Published on Thursday, 28 Jun 2012
Angela Kong, general manager of the Hong Kong Equestrian Association, has written booklets about the sport and is promoting it in schools.
Photo: Angela Kong

Hong Kong’s successful hosting of the equestrian event at the 2008 Olympics proved to be a major turning point in the career of Angela Kong Ka-fung.

She had enjoyed a great deal of success working in the IT industry as a marketing specialist. But after Hong Kong was named host city for the Olympic equestrian event, Kong decided to leave her well-established position to promote the sport of equestrianism because of her passion for riding.

Now, as the general manager of the Hong Kong Equestrian Association, she looks forward to continually improving the level of the sport in Hong Kong.
Why do you love riding so much?
I loved horses from a young age. I used to draw pictures of them for fun!

Immediately after graduating, I joined courses to learn how to ride. I had to hide my equipment and notes about riding from my family because they viewed riding as a risky sport and would certainly have kept me away from it.

But I could not keep my secret for long. A year after I had learned to ride, I emerged as champion in a riding competition, I was so happy I no longer cared if they found out. I just simply had to display my trophy at home.

However, my family still did not like me going riding. It was not until 2008, when my mother attended the launch ceremony of a book I had written about equestrianism, that she finally understood my passion for the sport. Now she is totally fine with me riding.
How did you successfully promote the sport?
Before the Olympics, Hong Kong people knew very little about the sport so the first step was promoting it through education. In 2008, I wrote a book called Equestrian Sports, published by Sun Ya Publications (HK), the first-ever book on equestrian education to be written by a local writer.

I also prepared an education kit, with CDs and booklets, that was handed out to physical education teachers across Hong Kong. I also invited teachers to seminars that I hosted, for them to learn more about the sport.

In 2010, I wrote two bilingual education booklets on equestrianism, Galloper Kids and Galloper Teens, for members of the Hong Kong Jockey Club.
What was it like at the Olympics?
I was in charge of commentating during the events. Another of my duties was to provide support for the Hong Kong equestrian team. Some local riders are non-Chinese speakers so I had to act as their translator during press conferences, and also prepare press materials.
I graduated with a degree in translation and interpretation from City University of Hong Kong, but had never worked in the field before, so it was a perfect chance for me to make use of what I had learned at school.
What do you see in the future development of equestrianism?

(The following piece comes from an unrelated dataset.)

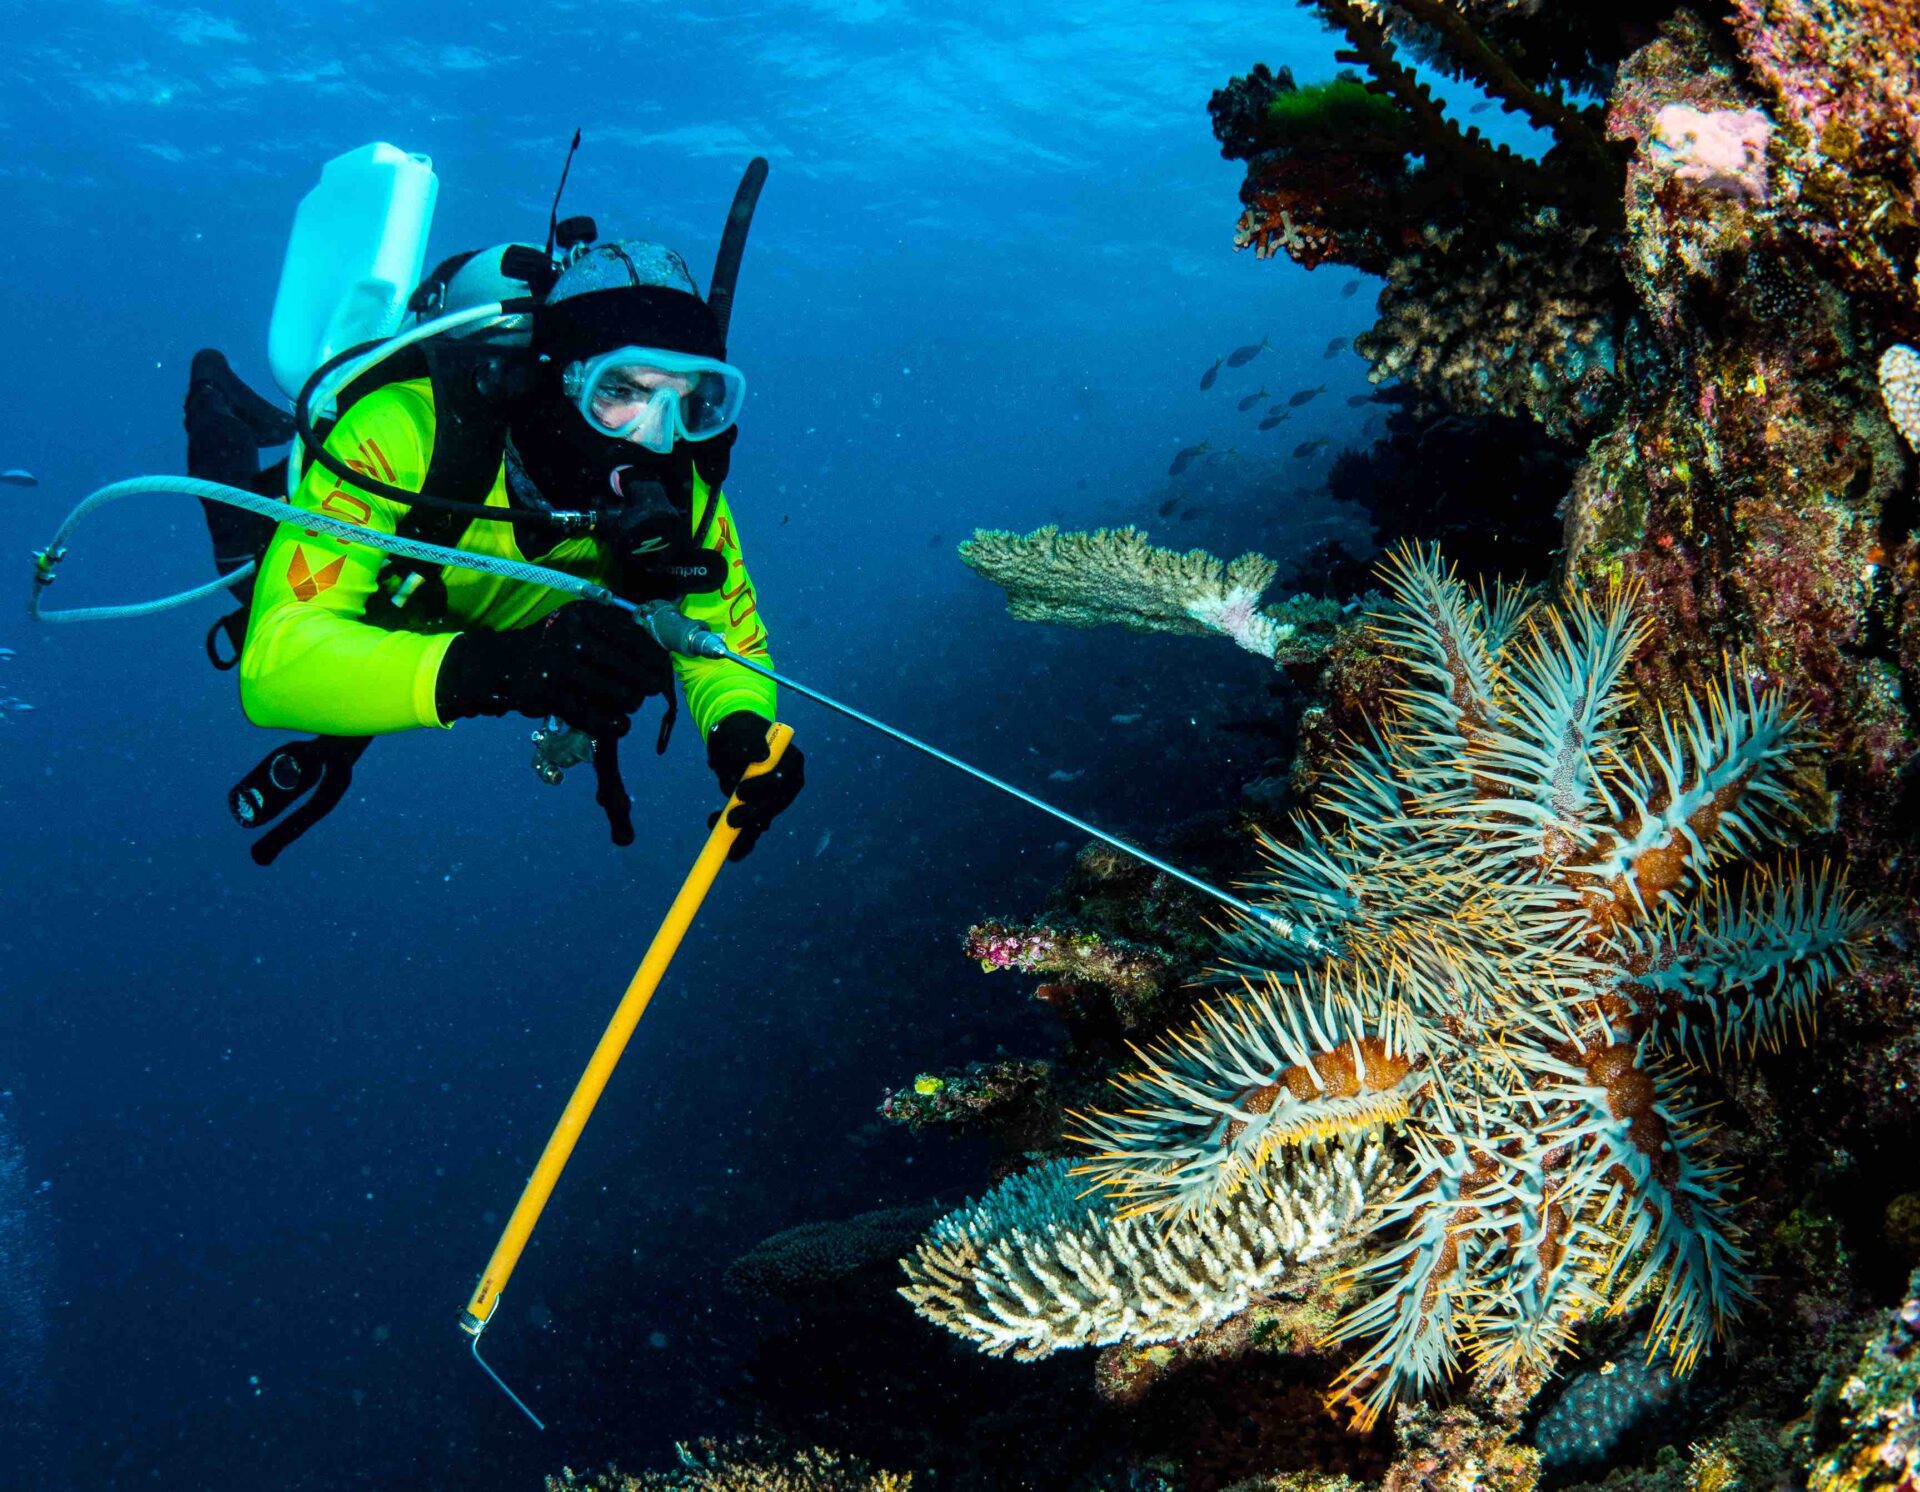 $9.8 Million Program to Protect Corals from Starfish

The government gave equestrianism a huge boost by listing it as an elite sport. I think the Hong Kong team has also performed extremely well in various tournaments and that has helped the development of the sport tremendously.

Since the Olympics, I have seen the popularity of riding rise year after year. In 2007, 15 schools signed up for the riding school visit programme. Now we have 80 schools showing interest.

How does riding help you balance between work and life?
I have to handle a lot of pressure from working on a daily basis, and riding certainly helps me blow off steam. When I am on horseback I am 100 per cent focused – otherwise I will fall. When I am riding I am able to put all the problems and stress from work behind me. This does not mean that I am escaping from my problems. Instead, riding helps me solve them. After riding for an hour or two, my mind is relaxed and I am ready to tackle the problems again.